NCBA Convention: Feeding Losses, Industry Contraction Hitting US Beef
US - Deep financial losses for cattle feedlots last year and a decline in packer capacity are changing the U.S. beef industry, writes Roy Leidahl for TheCattleSite.The country's cow-calf beef segment, which has already been declining, produced the smallest calf crop since 1951, said Mike Murphy, an economist with Cattle-Fax, at the 2009 Cattle Industry Annual Convention & NCBA Trade Show. However, U.S. feedlot capacity has held at about 33 million head since a long-term upward trend ended in 2004. Although feedlots have maintained their capacity, annual U.S. fed cattle slaughter has declined from about 30 million head in 2000 to fewer than 28,000 head last year.
“The feedlot losses of 2008 represent a risk for the beef industry,” Murphy told a 2009 Cattle Industry Annual Convention meeting that focused on the business of stockers, who buy calves from cow-calf operators for later sale to feedlots. When feedlots contract, “it will influence you as sellers of feeder cattle,” said Murphy.

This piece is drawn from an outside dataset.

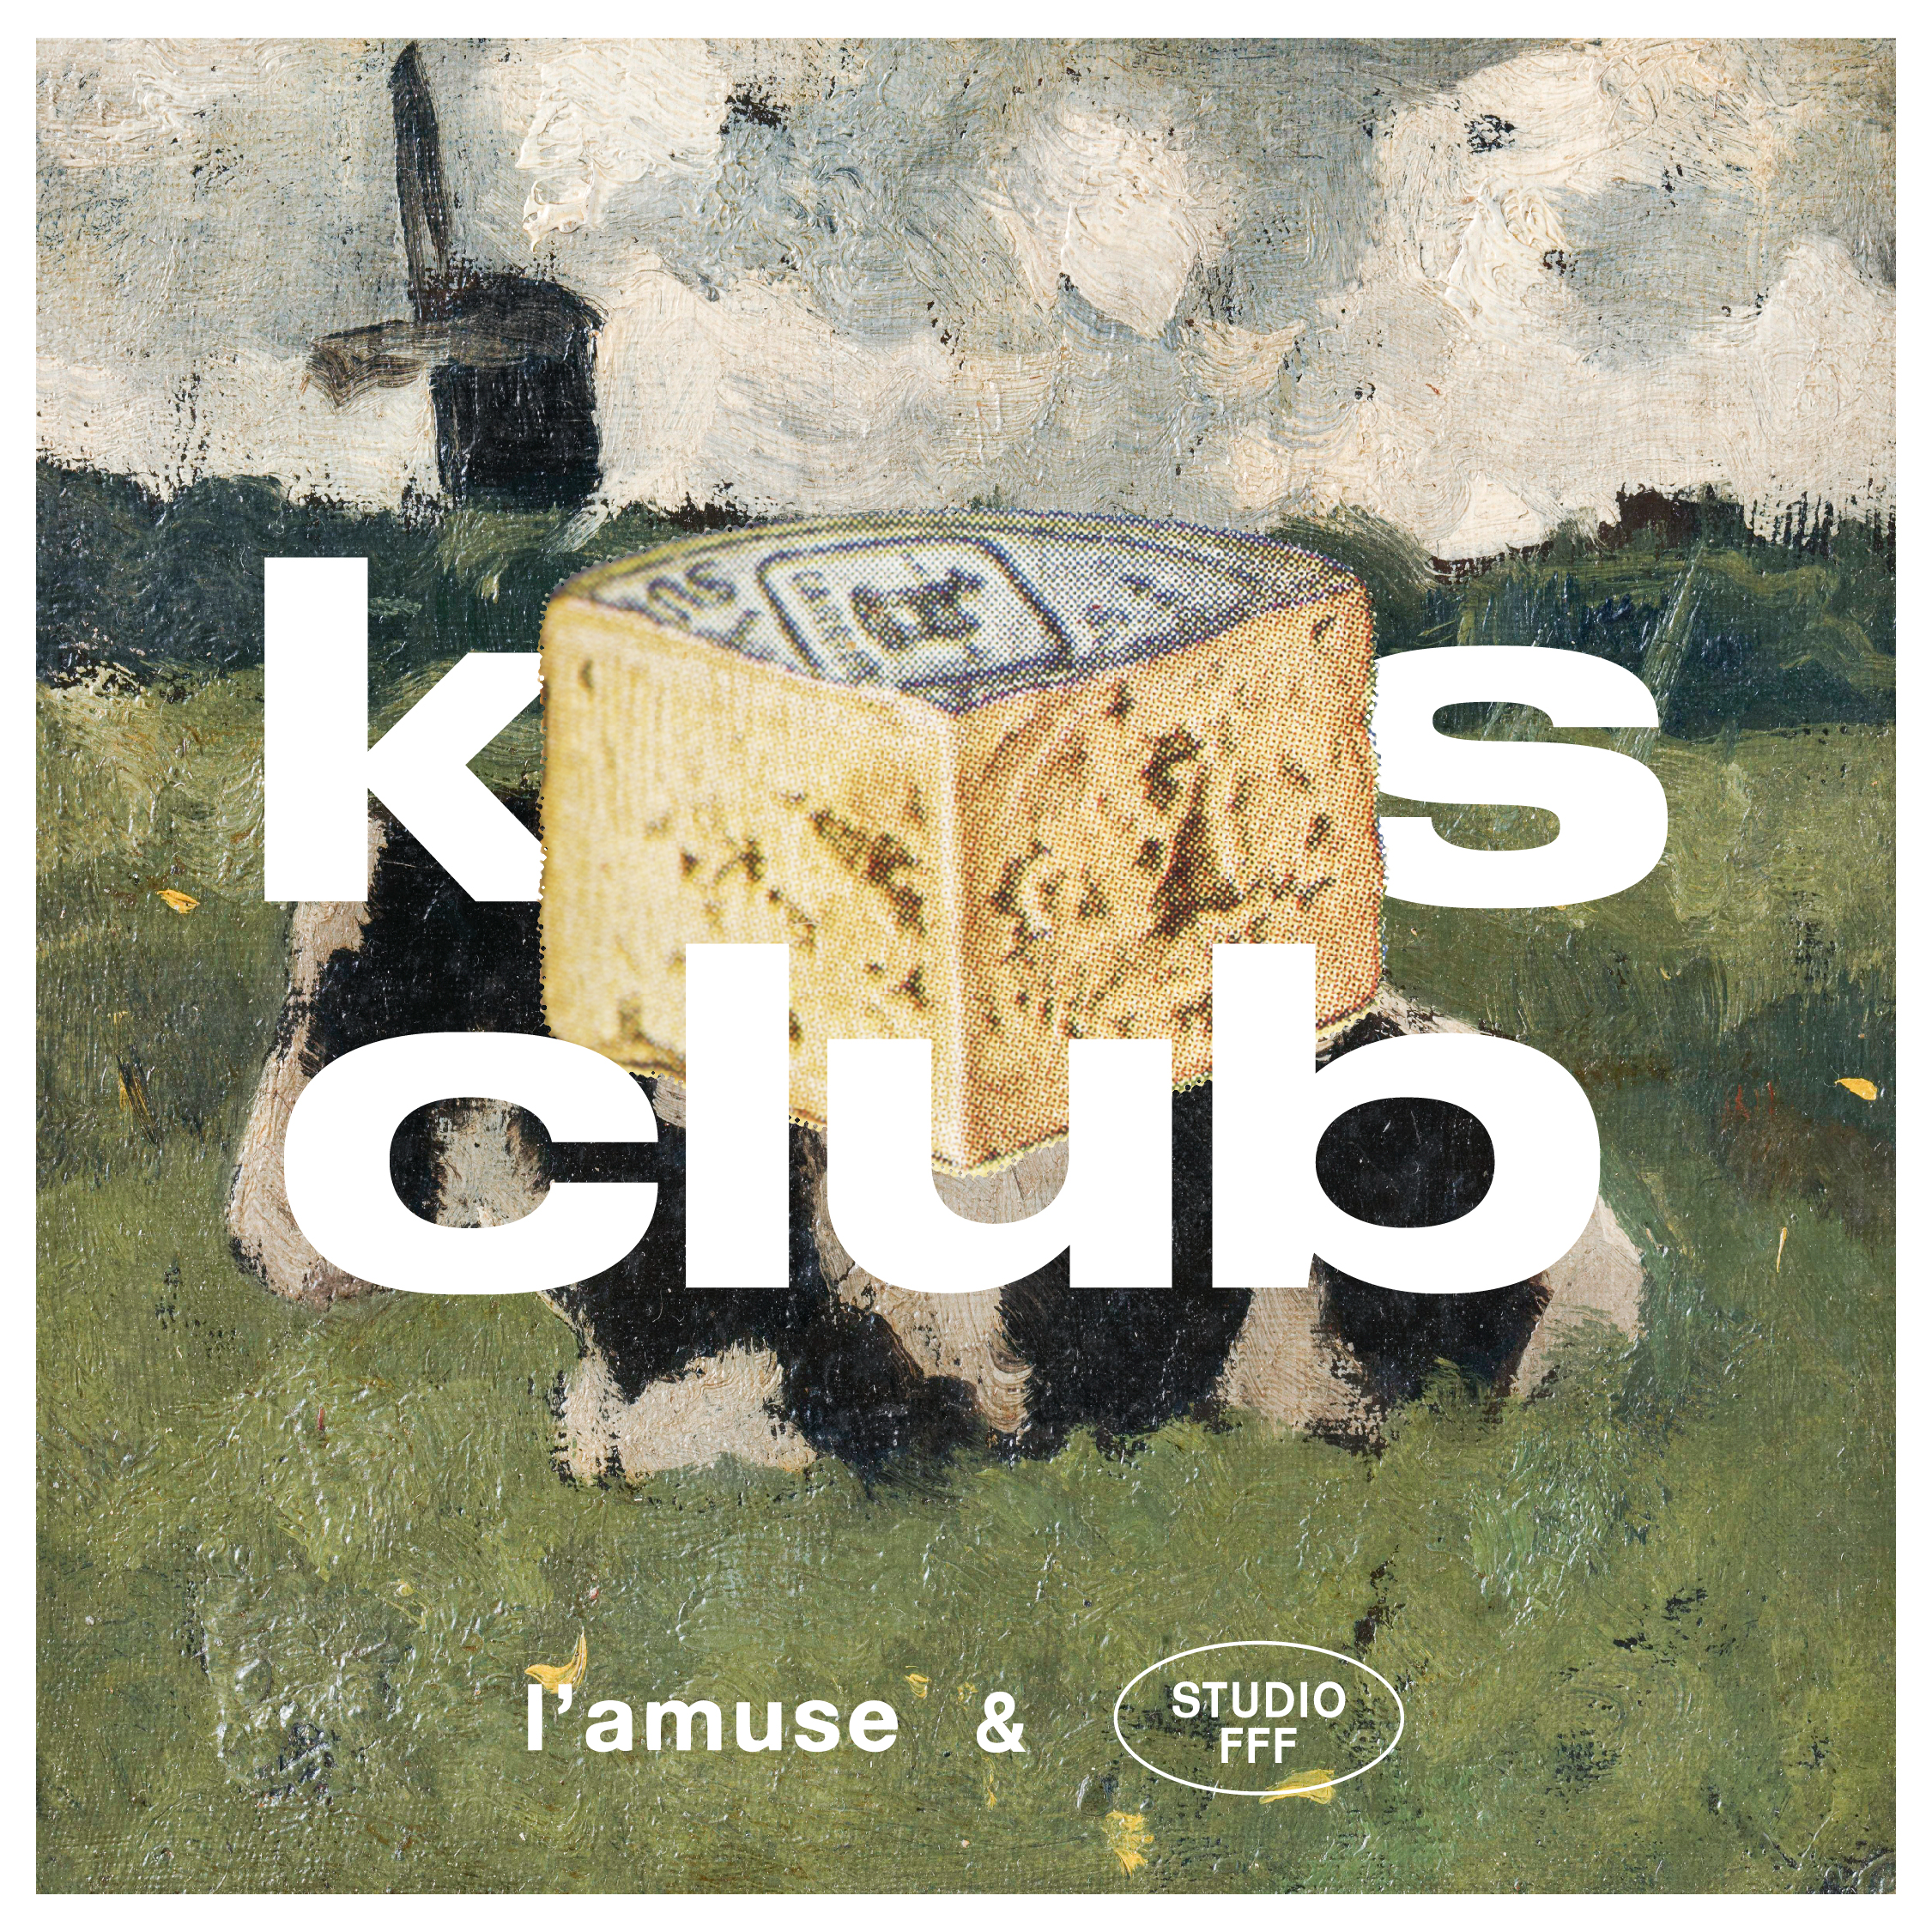 De Kaas Club

Another challenge developed in recent years in the packing industry. Cattle-Fax estimates that packers made profits in all but one year from 1980 to 2004. Those profits ranged from a few dollars to more than $30 per head. However, packer profits tumbled to thin or negative from 2004 through 2007, before rebounding to more than $20 estimated for 2008.

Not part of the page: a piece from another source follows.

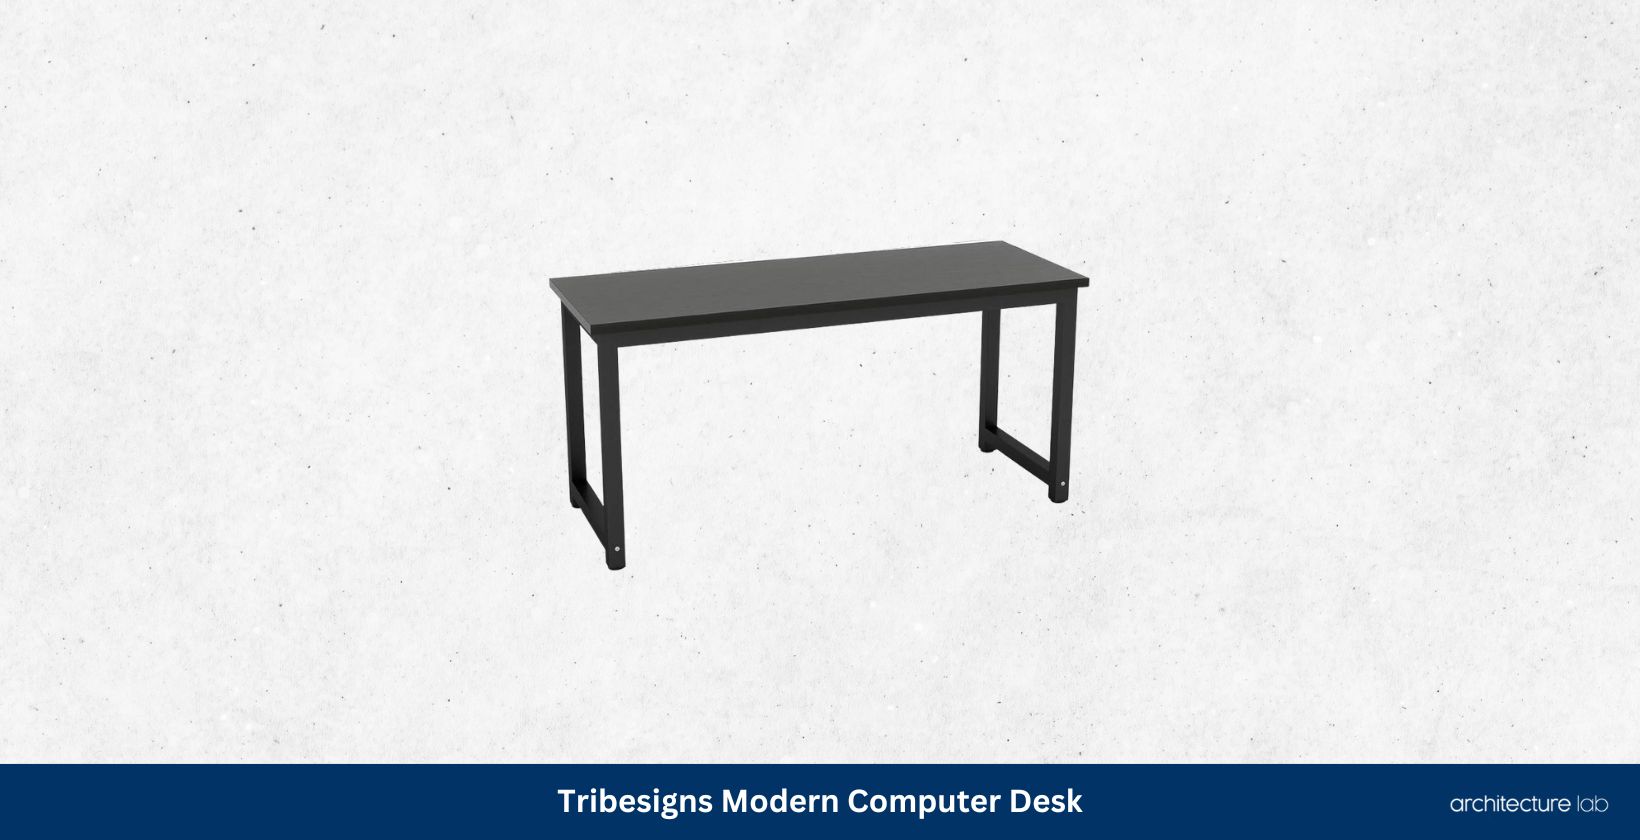 Tribesigns modern computer desk

Troy Applehans, another Cattle-Fax analyst, noted that during the past decade feedlot profits averaged near zero while packer profits averaged about $10 per had. However, in the same years, cow-calf operators made average profits of more than $90 per head while stockers earned about $45 pear head.
“Cow-calf and stocker operators will have to give some margin to the other two in the next several years,” said Applehans.